Sale of Equity Securities
     On February 9, 2005, we sold 5,750,000 shares of our common stock, $.01 par value per share, pursuant to a public offering at a price of $5.27 per share. Gross cash proceeds were $30.3 million, and net proceeds were approximately $28.0 million. The common shares were issued under Parallel’s $100.0 million Universal Shelf Registration Statement on Form S-3 which became effective in November 2004. The proceeds were used to reduce the revolving credit facility.
Commodity Price Risk Management Transactions and Effects of Derivative Instruments
     The purpose of all of our derivative trades is to provide a measure of stability in cash flow as a result of our daily activities associated with the selling of oil and natural gas production and expenditures associated with the borrowings that we have secured through our Bank Borrowings.
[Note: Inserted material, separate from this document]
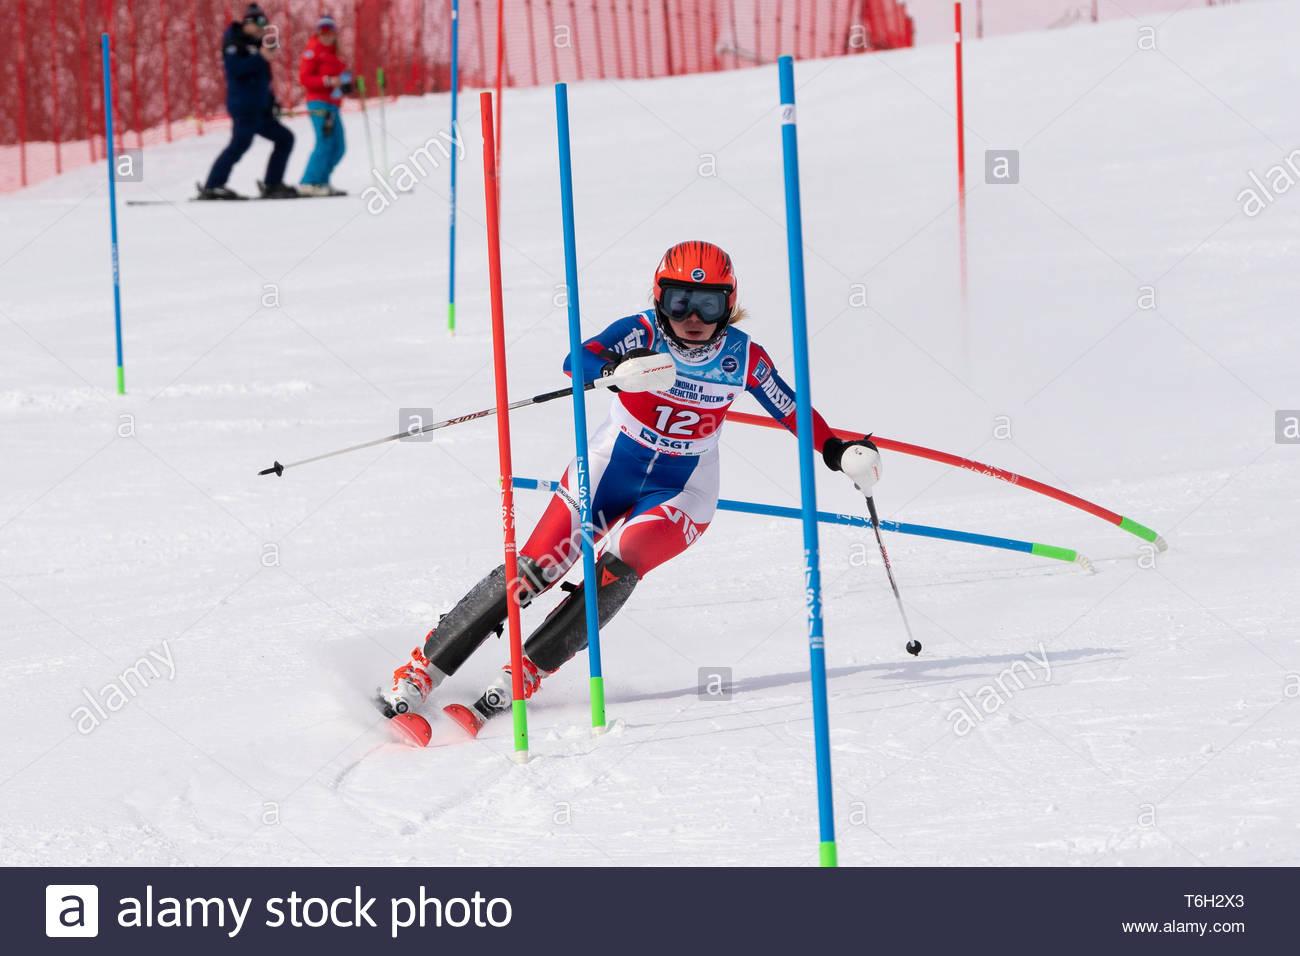 MOROZNAYA MOUNTAIN, KAMCHATKA PENINSULA, RUSSIA - MAR 28, 2019: Russian Alpine Skiing Championship, International Ski Federation Championship, slalom. - Stock Image

The derivative trade arrangements we have employed include collars, costless collars, floors or purchased puts, oil and natural gas swaps and interest rate swaps. In 2003, we designated our derivative trades as cash flow hedges under the provisions of SFAS 133, as amended. Although our purpose for entering into derivative trades has remained the same, contracts entered into after June 30, 2004 were not designated as cash flow hedges.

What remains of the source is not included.